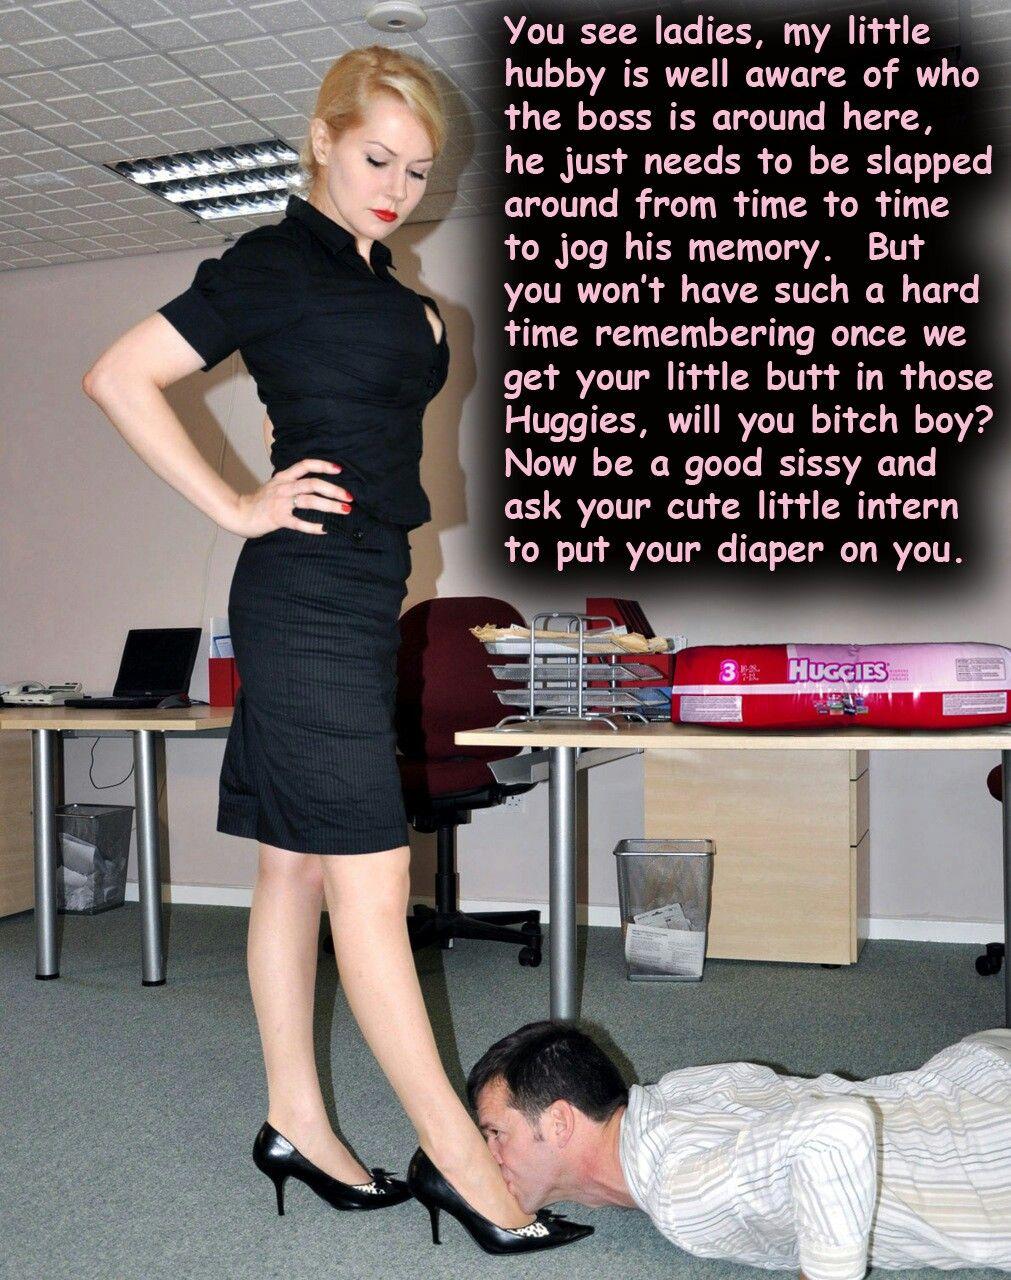 bosses the mercy Secretary at captions of
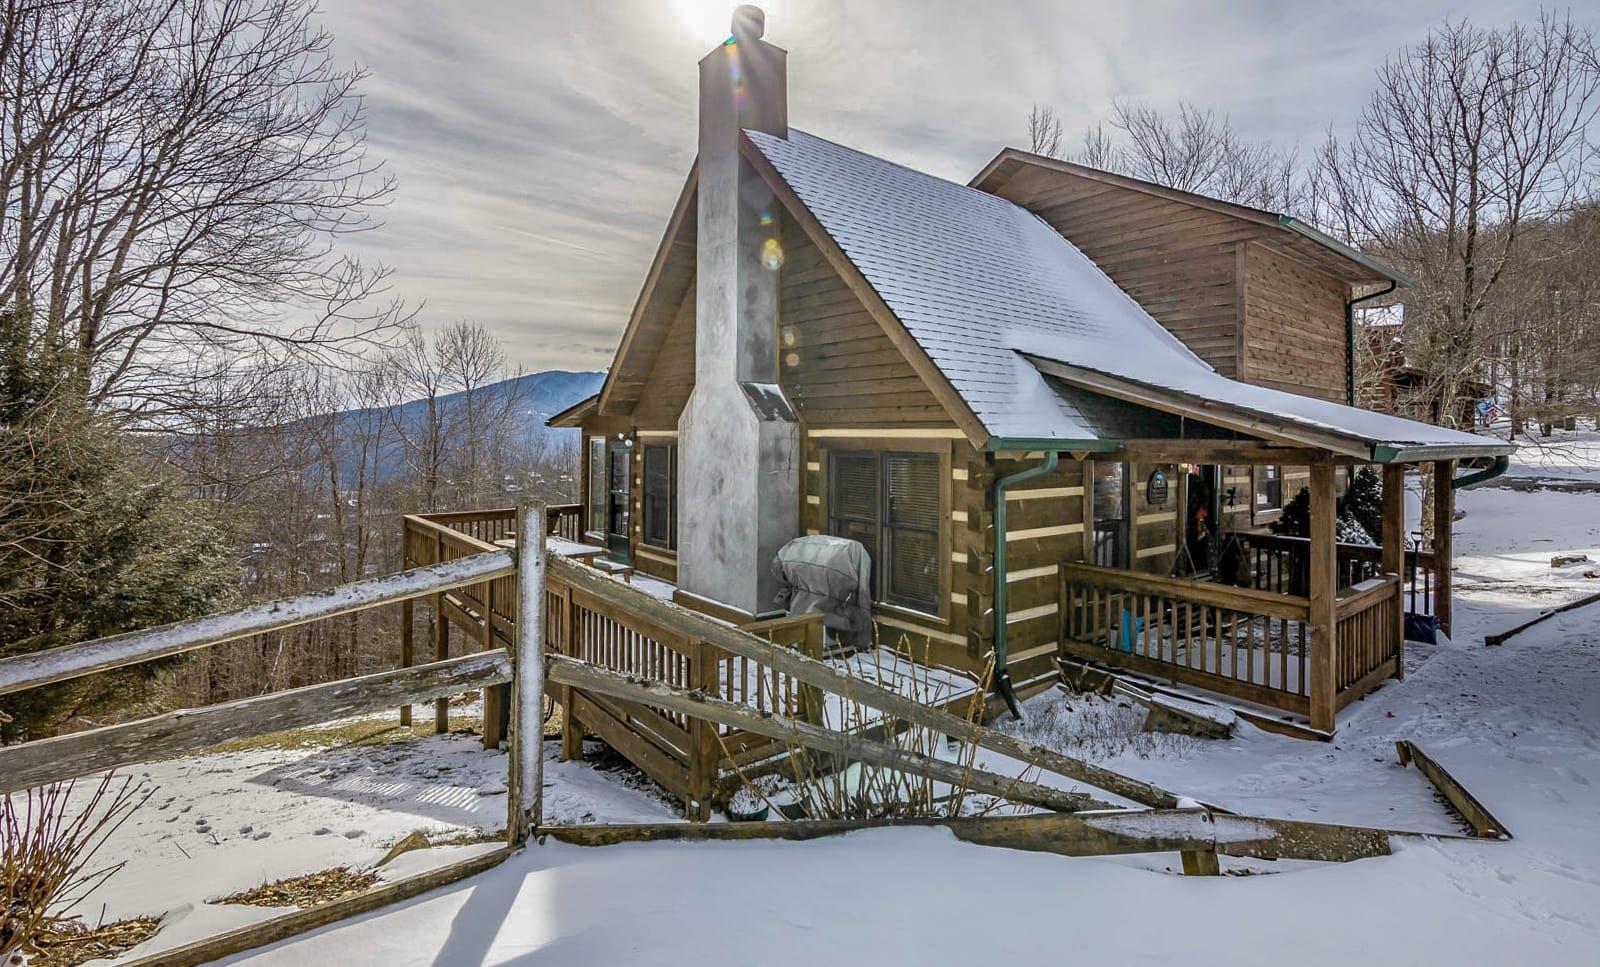 Carolina Cabin Rentals Mountain Memories In Boone Banner Elk Nc Cabin Rentals Cabin Hot Tub Outdoor
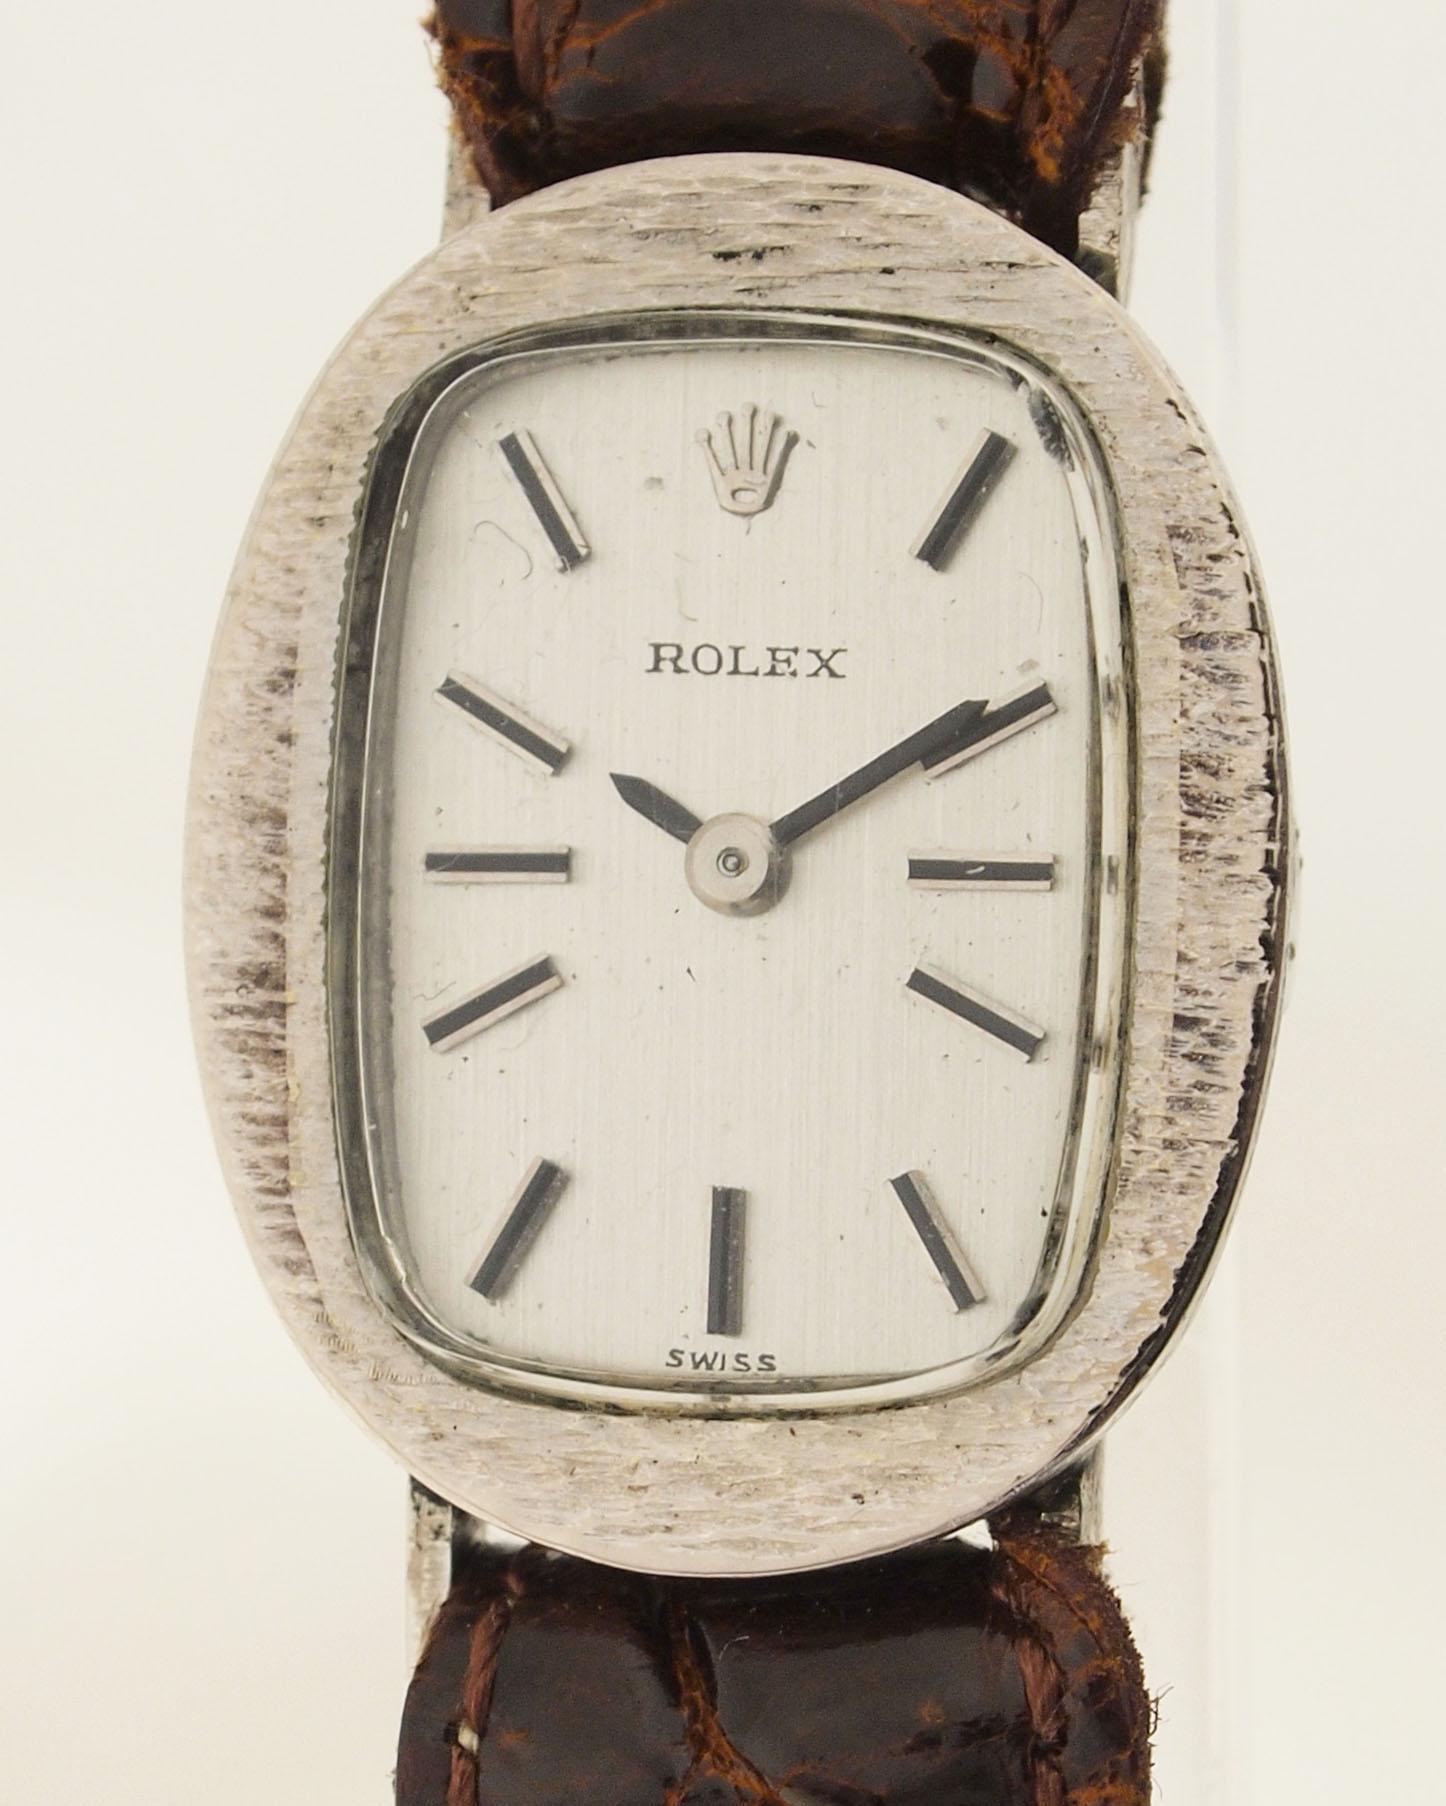 rolex damen armbanduhr in 18ct weissgold 1960er jahre kaliber 1400 ebay. Black Bedroom Furniture Sets. Home Design Ideas
________________
*Required action*. All the material shown above is to be copied exactly, with no pictures carried over.

*Answer*.
 bosses the mercy Secretary at captions of
 Carolina Cabin Rentals Mountain Memories In Boone Banner Elk Nc Cabin Rentals Cabin Hot Tub Outdoor
 rolex damen armbanduhr in 18ct weissgold 1960er jahre kaliber 1400 ebay. Black Bedroom Furniture Sets. Home Design Ideas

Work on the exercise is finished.